Nesta quarta-feira em que o governo do Estado e o Ministério Público do Trabalho (MPT) se reúnem para discutir ações de combate à exploração de trabalhadores, é preciso refletir sobre as circunstâncias que permitiram que o Rio Grande do Sul vivesse o vexame de ter 207 seres humanos trabalhando em "condições análogas à escravidão".
Existem componentes objetivos - a necessidade de corte de custos, mesmo a qualquer preço - e subjetivos - a concepção de que há diferentes graus de humanidade - na equação, sem contar a ambição desmedida de agentes econômicos.
Como esta é uma coluna de economia, vai ficar na análise do primeiro componente, sem deixar de registrar que a noção de diferentes graus de humanidade é muito arraigada e permeia outros tipos de relações, não se limita a criar condições para a escravidão moderna.
Por que, sim, é disso que se trata. E, infelizmente, não é um fenômeno pontual. Na mesma semana em que os gaúchos se horrorizavam com a descoberta das condições desumanas de trabalho em um Estado que gosta de celebrar façanhas, um naufrágio na costa do sul da Itália matou 71 pessoas que estavam sendo traficadas do Afeganistão e do Irã para a Europa. Se não perecessem na travessia, seriam outros escravos modernos.

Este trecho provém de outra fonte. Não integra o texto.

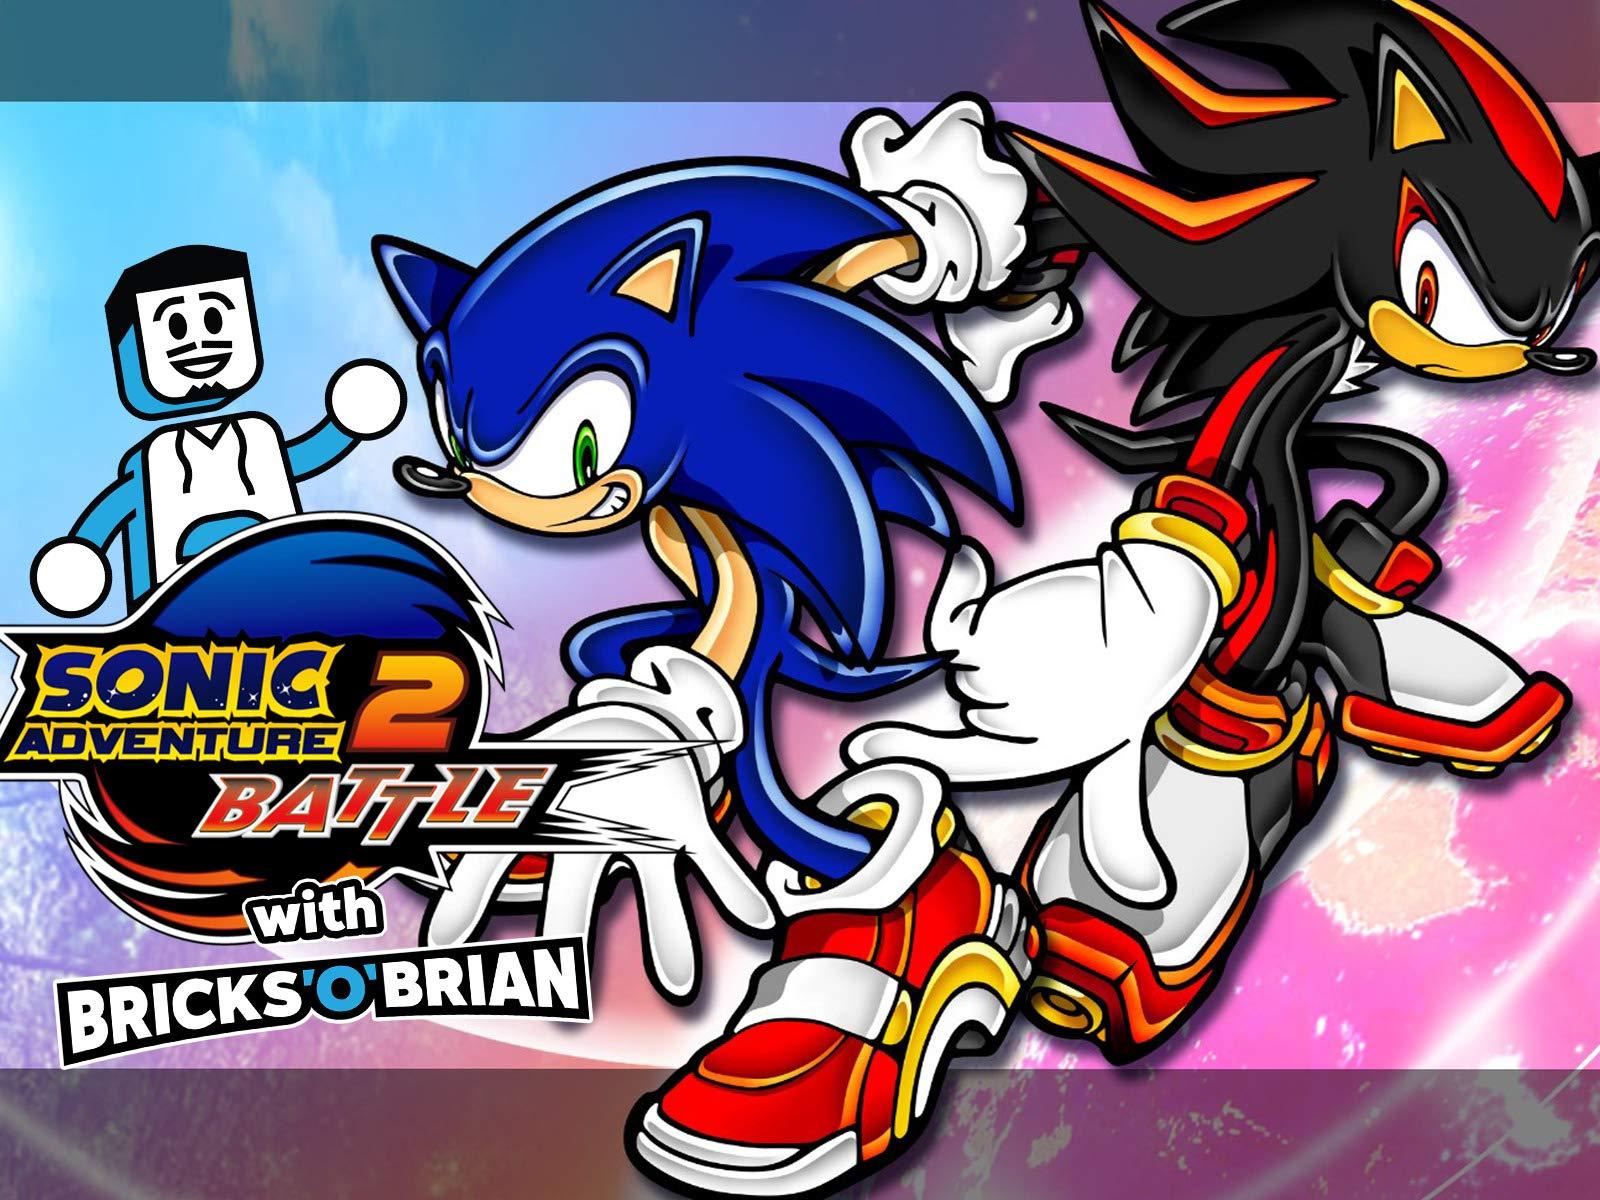 Clip: Sonic Adventure 2 Battle with Bricks 'O' Brian! on Amazon Prime Video UK
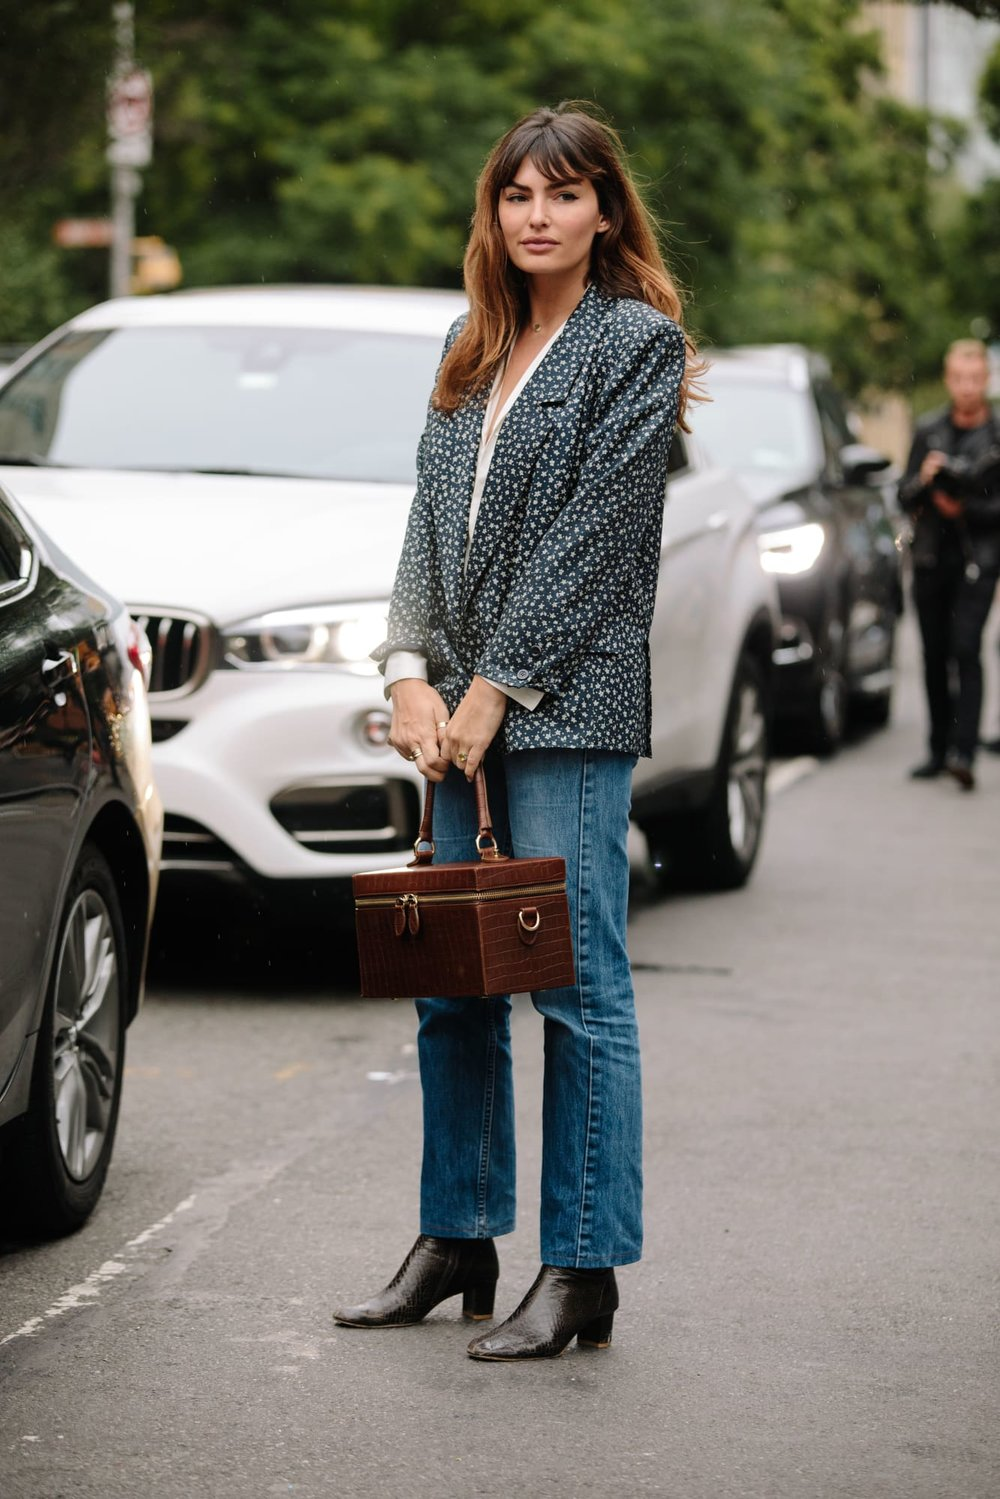 new-york-fashion-week-street-style-spring-2019-day-3-21.jpg

A repercussão do caso deixou clara uma das consequências da redução de gastos sem critério: o custo final pode ser muito maior. Além dos danos à imagem, as empresas envolvidas enfrentam boicotes, devolução de produtos, ações judiciais. Em uma ironia circunstancial, o caso foi revelado poucos dias depois que o Instituto Capitalismo Consciente começou - exatamente no Rio Grande do Sul - uma série de debates para reduzir as desigualdades nos negócios.
O episódio de Bento Gonçalves tem de ser para o Estado o que o incêndio em uma fábrica de roupas em Bangladesh, em dezembro de 2010, foi para o fast fashion. A morte de 30 pessoas que não conseguiram fugir quando costuravam para marcas como GAP, H&M e Zara - entre muitas outras - foi um ponto de inflexão. Obrigou essas empresas a se responsabilizar por toda sua cadeia de produção - como tem de ser.
Até a primeira metade do século 20, escarradeiras eram objetos úteis. Até a década final do século passado, era normal fumar em avião. Aos trancos, o mundo evolui. Em poucas décadas, humanos constatarão, estupefatos, que seus antepassados das primeiras décadas do século 21 ainda toleravam índices intoleráveis de desigualdade.
Nas notas publicadas pelas empresas gaúchas mais conhecidas implicadas no trabalho análogo à escravidão - Aurora, Garibaldi e Salton - há indícios de que a lição foi aprendida. Há pertinentes pedidos de desculpas e necessárias promessas de mudança de políticas internas. Se não for por compreender que todos somos igualmente humanos, que seja porque consertar um erro desse tamanho custa mais caro do que evitá-lo.